TV Marti Reporter Under Investigation for Faking Televised Mortar Attack

Source: Voice of America News

By Brian Padden
July 9, 2019 07:23 PM

FILE - A view of the Office of Cuba Broadcasting, which oversees Radio and TV Marti, in Miami, June 22, 2007.
FILE - A view of the Office of Cuba Broadcasting, which oversees Radio and TV Marti, in Miami, June 22, 2007.
WASHINGTON - The United States Agency for Global Media (USAGM) is investigating allegations that a reporter for its TV Marti service, mandated to broadcast objective news into Cuba, faked a mortar attack during a televised report from Nicaragua.

The TV Marti reporter at the center of the fake news allegations is Tomas Regalado Jr., the son of the director of the Office of Cuban Broadcasting, Tomas Regalado Sr.
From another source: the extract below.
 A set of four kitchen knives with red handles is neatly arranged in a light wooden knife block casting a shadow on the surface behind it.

The elder Regalado has made a priority of raising journalistic standards and practices after the government-funded broadcaster aired anti-Semitic content calling liberal philanthropist George Soros "a non-believing Jew of flexible morals."

Alleged staging

Spanish language media sites CiberCuba and Cubanos por el Mundo recently called into question the validity of a Marti report, allegedly from November 2018, which showed Regalado Jr. reporting from a street in Managua, the capital of Nicaragua, when a small explosion occurred directly behind him.

. . .

Regalado Sr., the OCB director and former mayor of Miami, told The New York Times he has recused himself from the investigation into his son and that he plans to continue in his leadership role with the organization.

Read more: https://www.voanews.com/usa/tv-marti-reporter-under-investigation-faking-televised-mortar-attack



Anyone knowing any part of the history of Radio or TV Marti from Miami won't be surprised by this discovery. Very glad to see it was actually acknowledged.
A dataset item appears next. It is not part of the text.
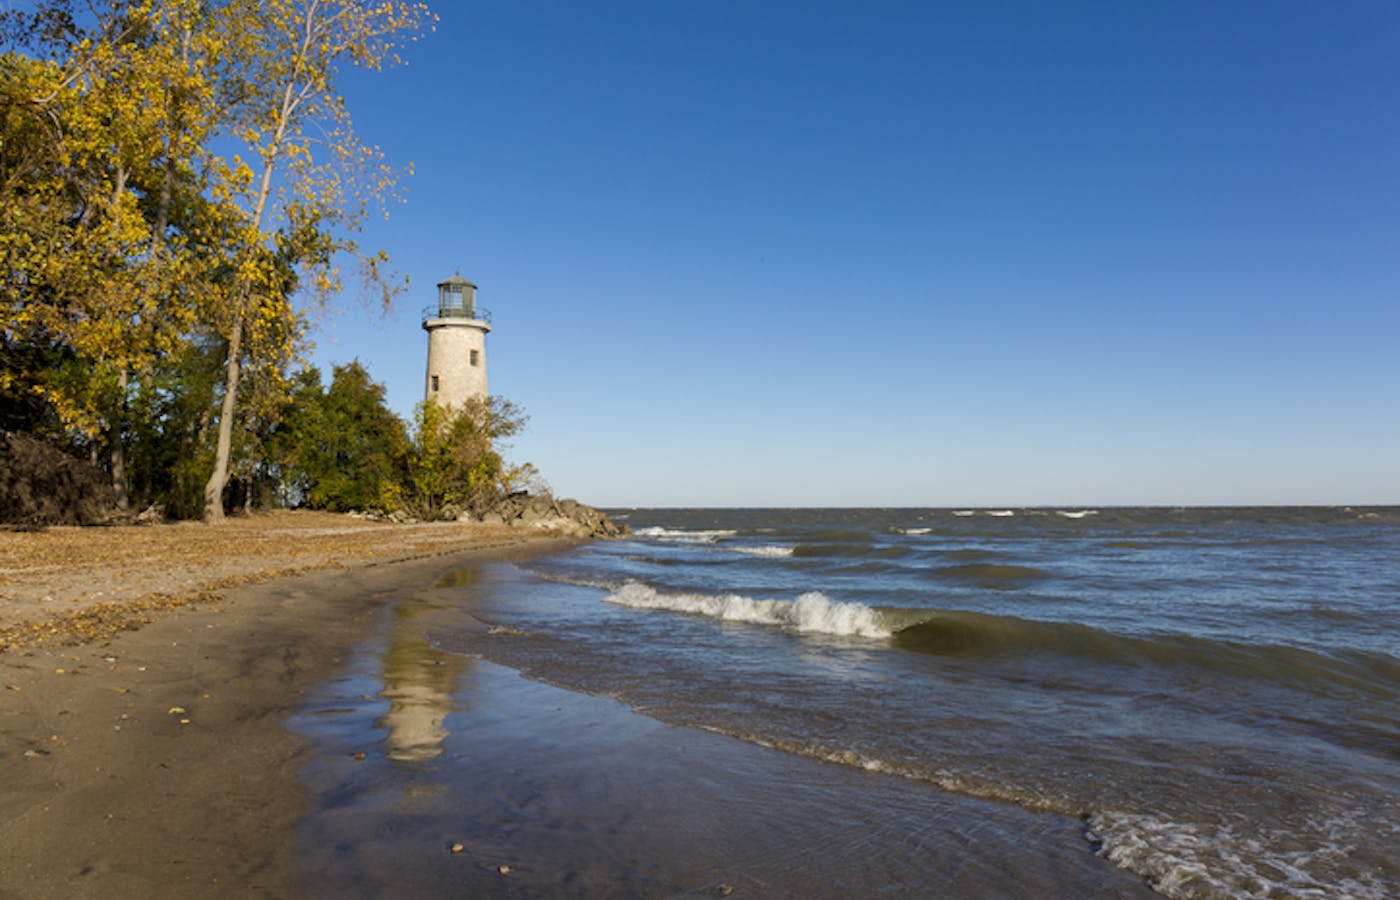 Take 5: Lighthouses of the North Shore

Both broadcasting companies are staffed by, programmed by, controlled by South Florida Cuban-American "exiles" or their relatives, and the two operations are financed entirely by U.S. taxpayers, at the cost of tens of millions of dollars. Efforts to terminate the services made by Congress members, like Democratic Rep. David Skaggs, of Colorado, will trigger retaliation like the threats and the actions from Cuban "exile" Rep. Lincoln Diaz-Balart of Miami, who set out to take out advertising throughout Colorado, smearing Rep. Skaggs, and destroyed his ability to be re-elected.

Many have wanted to end this pork barrel project which benefits the employees and officials of Radio/TV Marti alone, ever since the Miami head of the Cuban-American National Foundation in Miami, Jorge Mas-Canosa arranged with Ronald Reagan to put them into operation during Reagan's Presidency. Jorge Mas-Canosa was convinced he was going to be the next President of Cuba, after the US overthrew the Cuban revolution.

Time for both stations to be retired, now.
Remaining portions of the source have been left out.